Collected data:
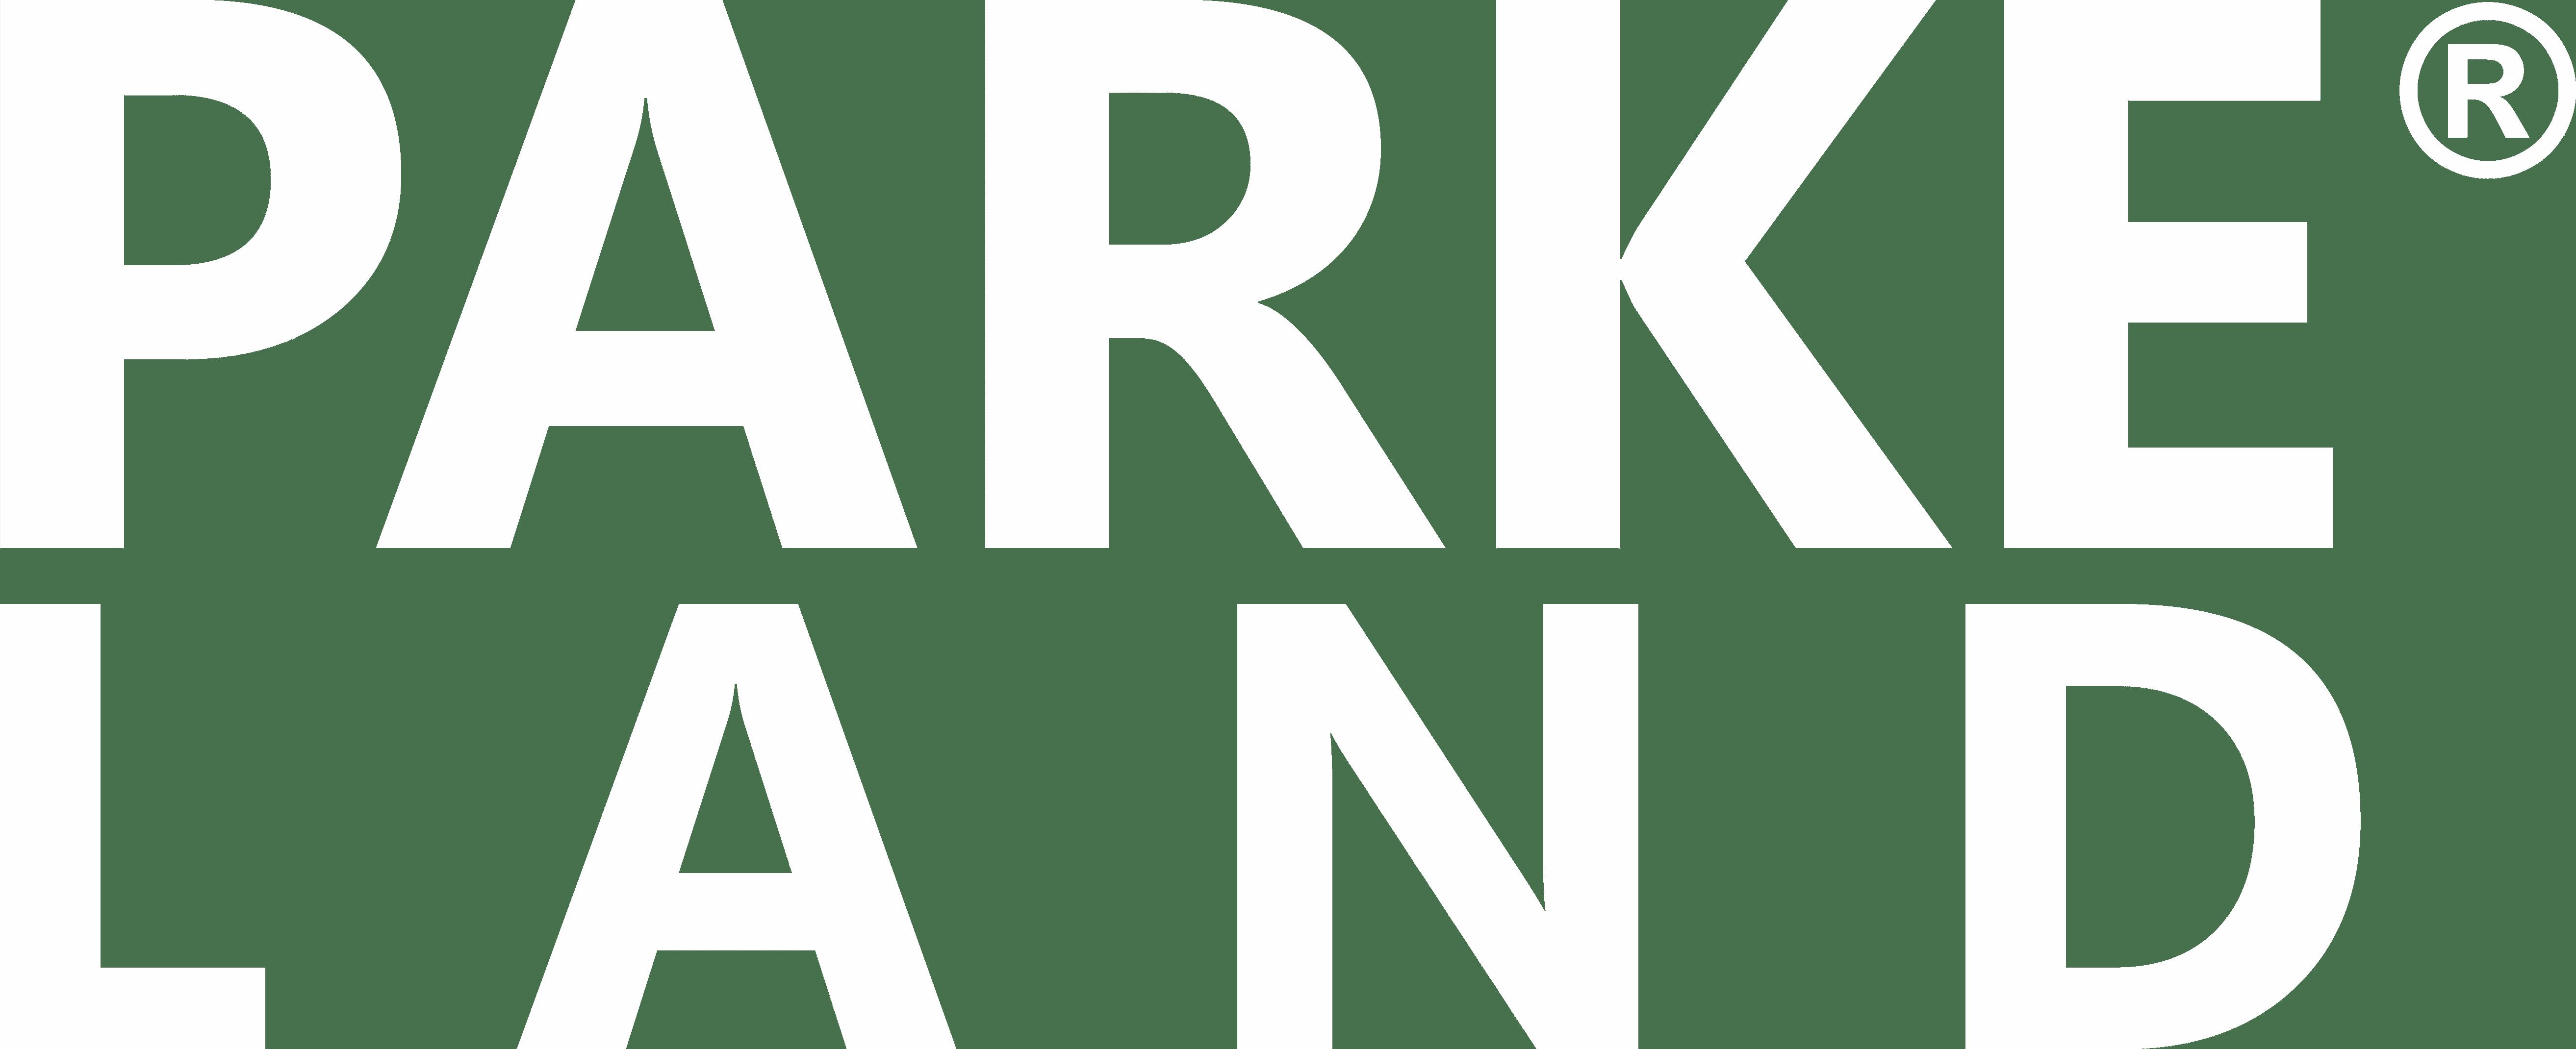 PARKELAND Parke Modelleri Parke Fiyatları
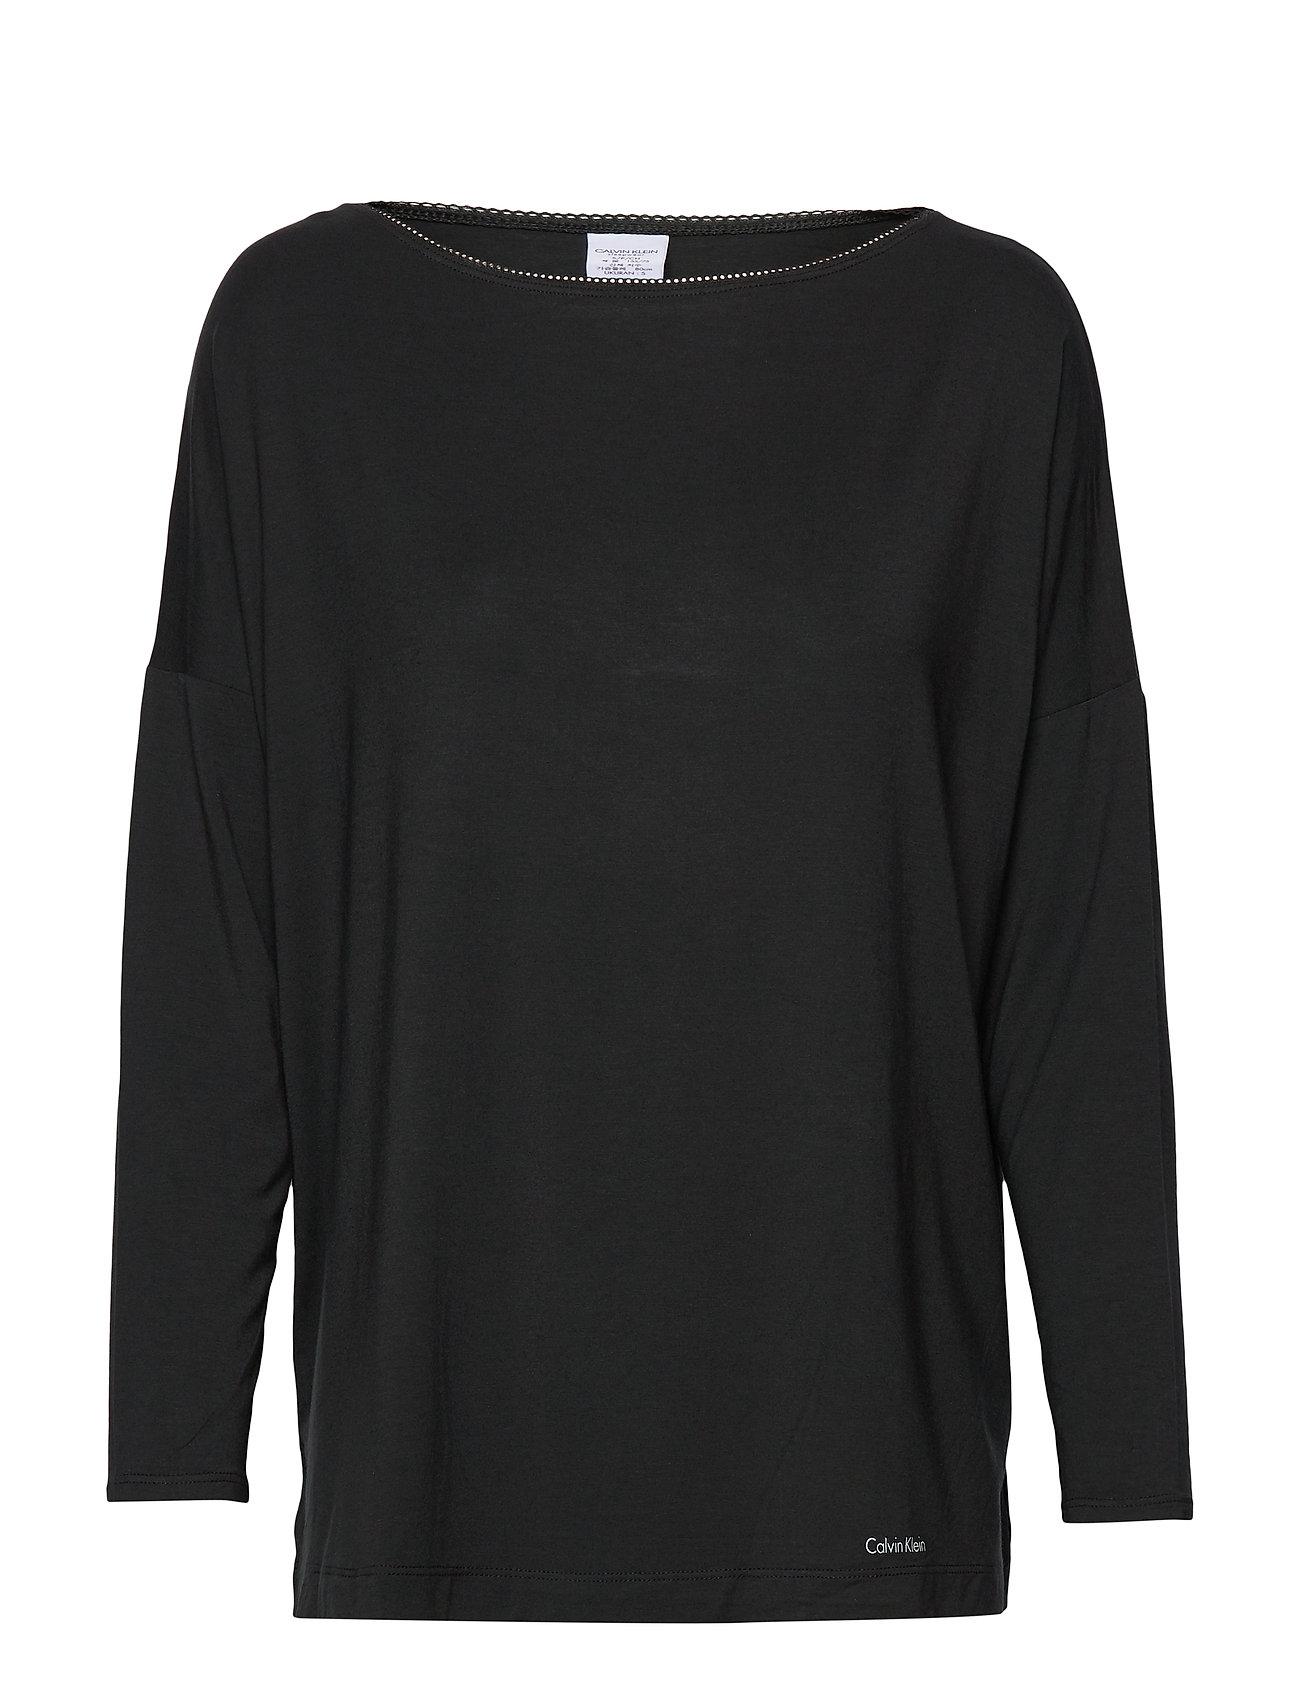 Calvin Klein L/S WIDE NECK - BLACK
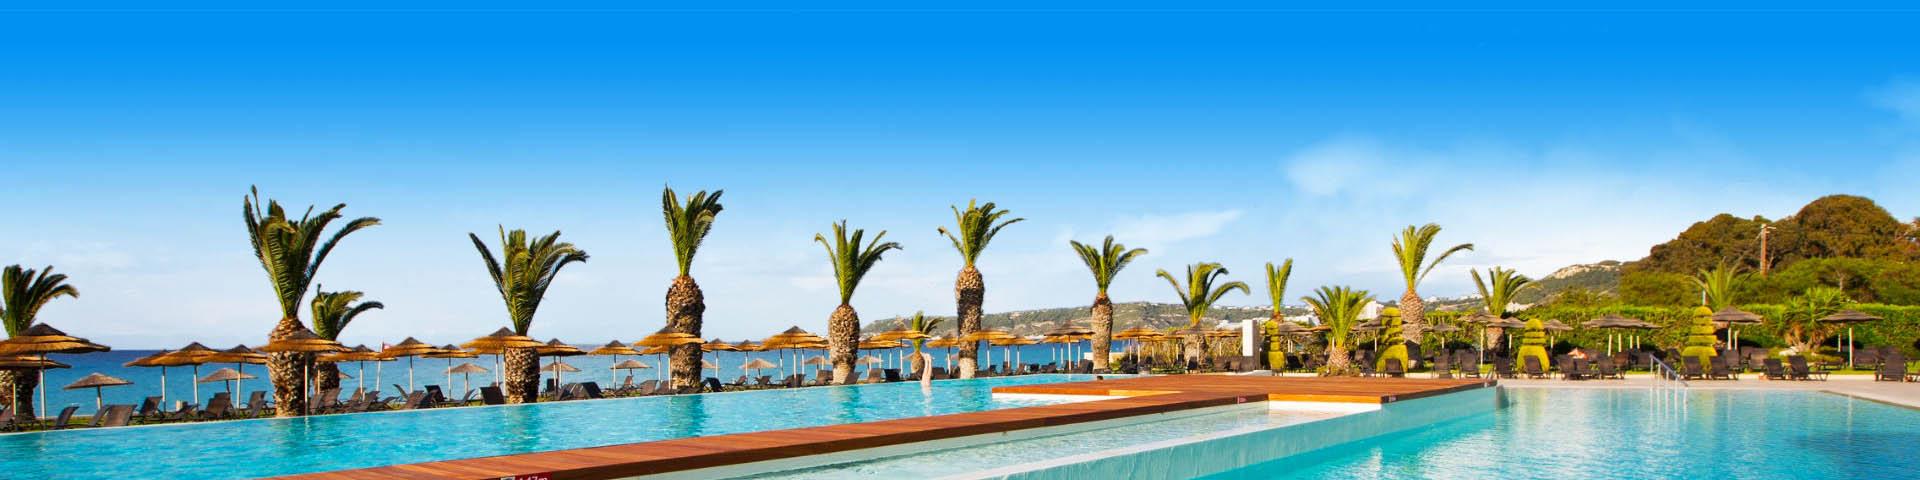 Zwembad en palmbomen in Ixia
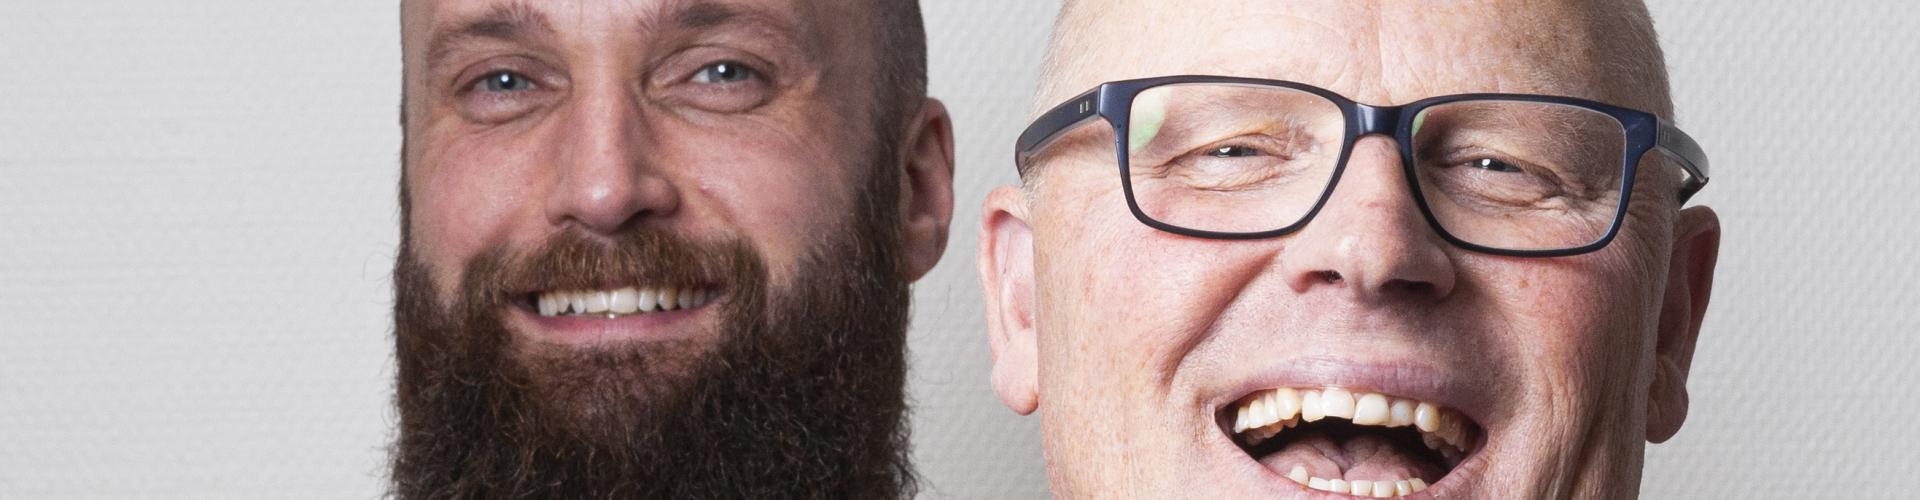 Van Talentdiggers naar Vermoogen - Tim Meijer en Jan Hooikammer
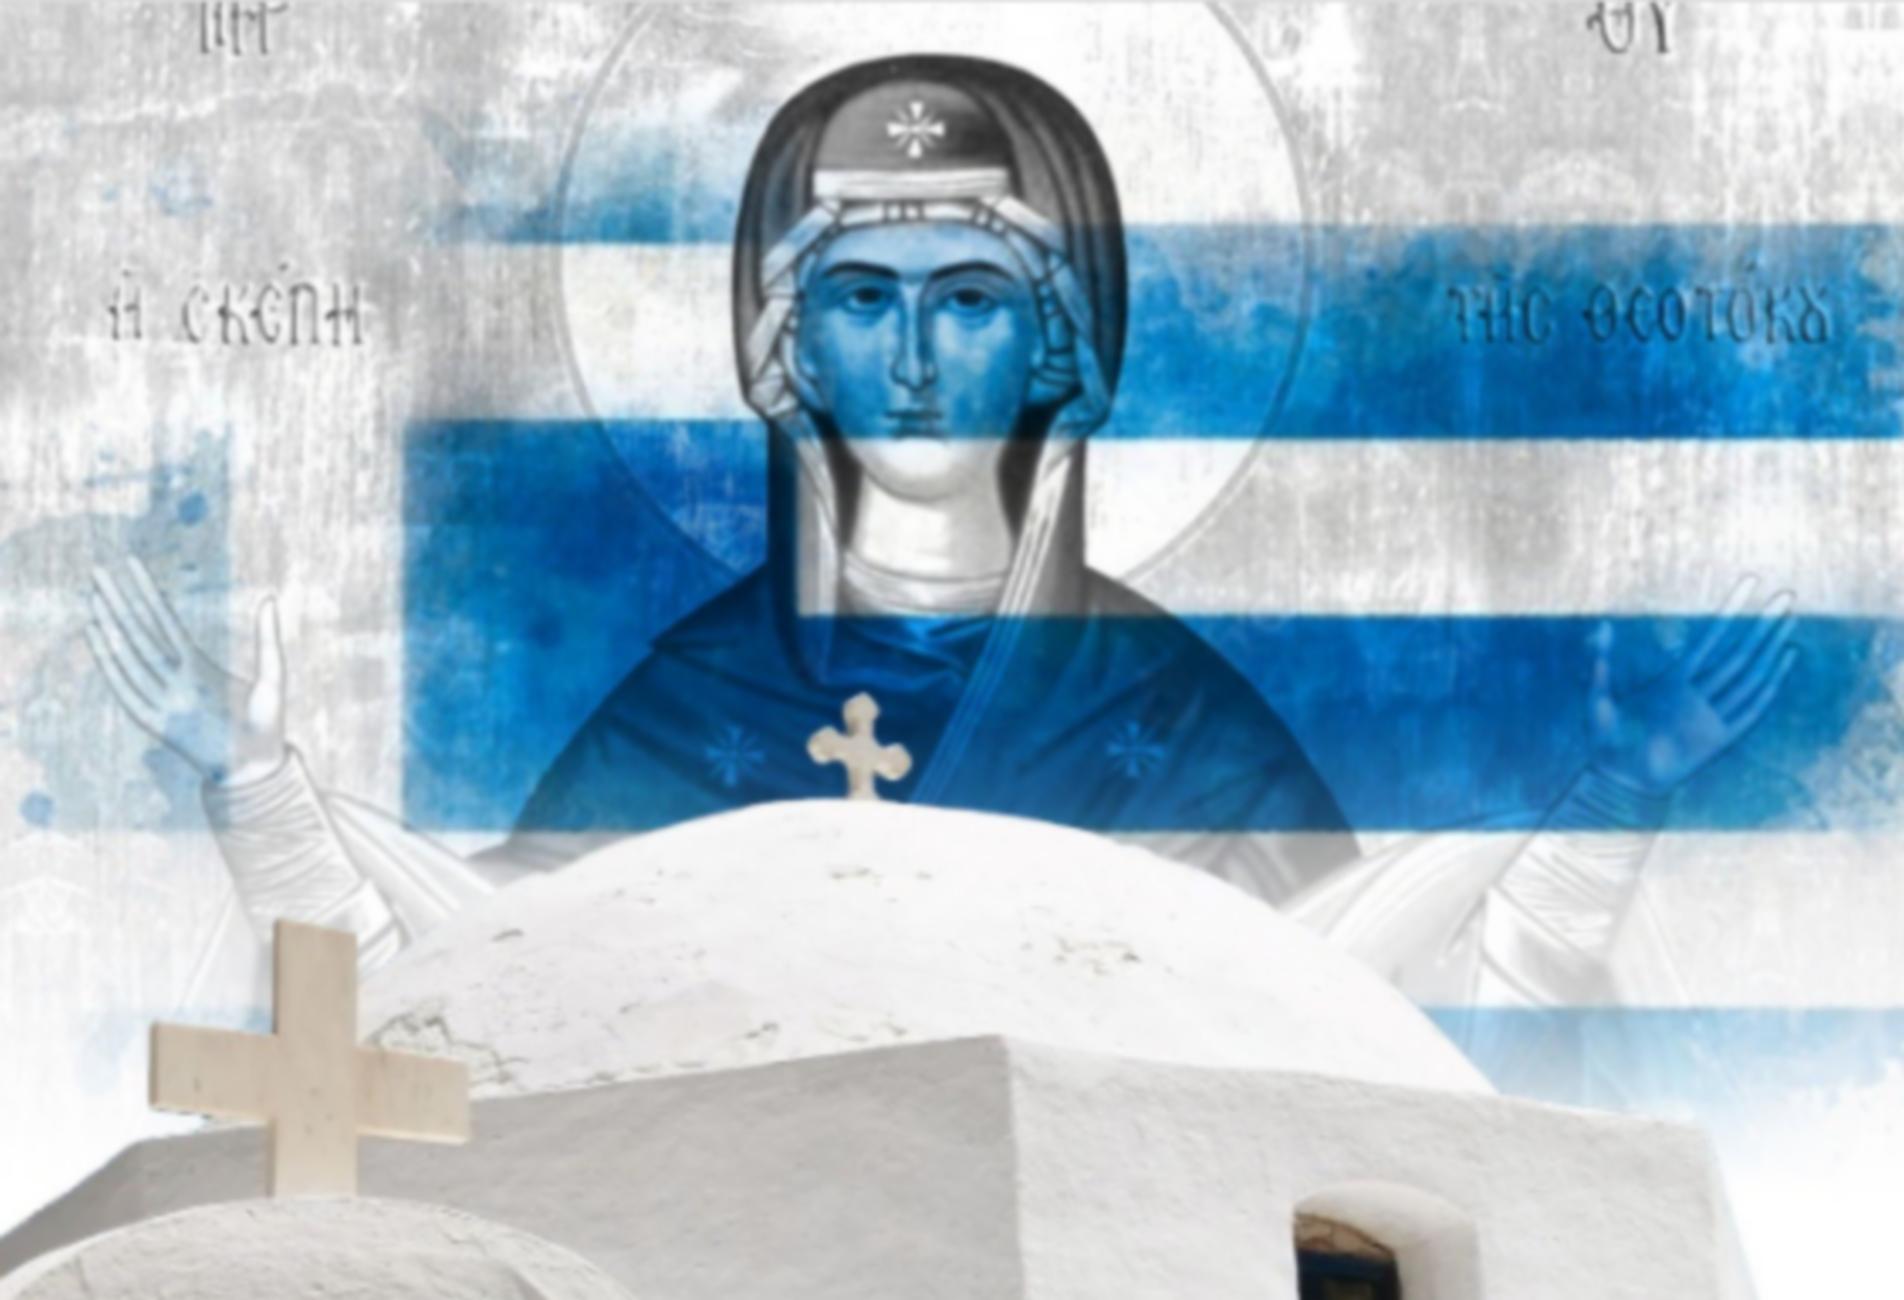 ΑΕΚ: Ανάρτηση με την Παναγία για τον Δεκαπενταύγουστο

#### Directions:
Output the records above verbatim. Pictures stay out.

#### Expected output:
 PARKELAND Parke Modelleri Parke Fiyatları
 Calvin Klein L/S WIDE NECK - BLACK
 Zwembad en palmbomen in Ixia
 Van Talentdiggers naar Vermoogen - Tim Meijer en Jan Hooikammer
 ΑΕΚ: Ανάρτηση με την Παναγία για τον Δεκαπενταύγουστο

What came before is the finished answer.